The three pathways we selected because of strong evidence of a link and sufficient evidence to provide numerical estimates were road traffic injury risk, air pollution and physical activity. Photos: Adam DiChiara, James Woodcock
These are estimated distance per person at baseline for London. Only 5 km by foot, and 2.9 km on bike per week.
This is a projection to 2030 in which there is a big uptake of lower emission motor vehicles but little change in travel patterns.
In this scenario there is a large fall in distance travelled by car and big increase in walking to 11 km per week and cycling to 24 km per week.
These are the per capita carbon dioxide emissions from transport from the different futures. BAU is business as usual with no mitigation measures.
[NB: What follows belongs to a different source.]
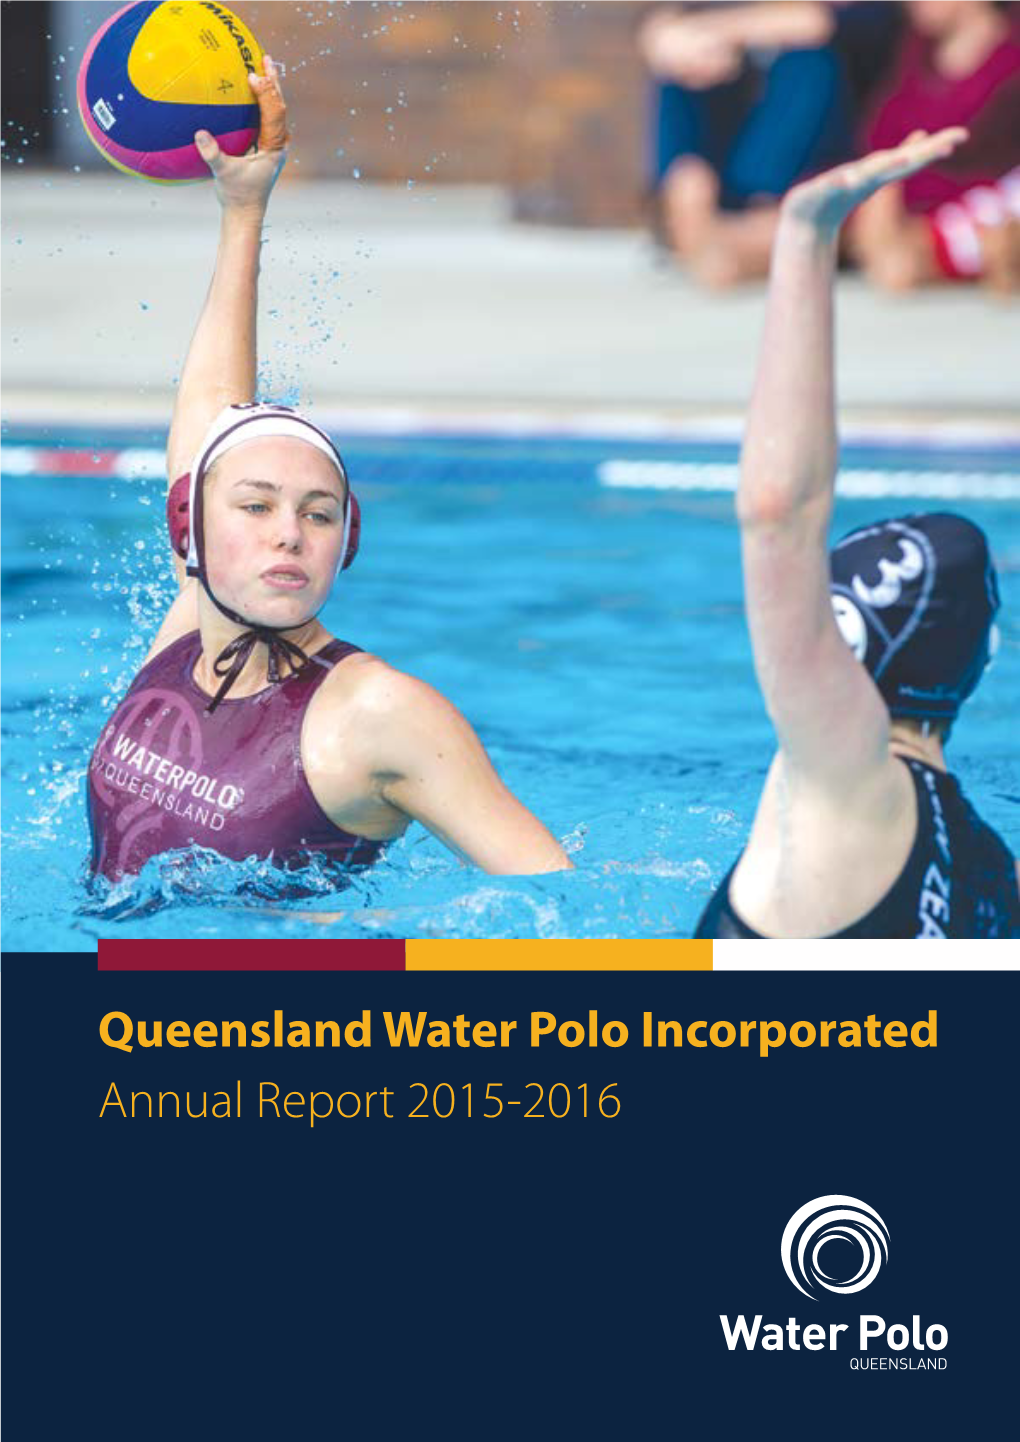 Queensland Water Polo Incorporated Annual Report 2015-2016

The health impact was measured in DALYs (Disability Adjusted Life Years) which combines both years of life lost and years of healthy life lost from a disability. We found a much larger health benefit from increased active travel (7332 DALYs through combined changes in physical activity, air pollution and injury) than we found from lower carbon driving (changes in air pollution 160 DALYs). The benefit in the combined scenario (combining both more walking and cycling and lower carbon driving) found the largest benefit (7439 DALYs).
We found large health gains from reductions in heart disease and stroke and smaller benefits from less dementia and breast cancer. We found an increase in the number of road traffic fatalities.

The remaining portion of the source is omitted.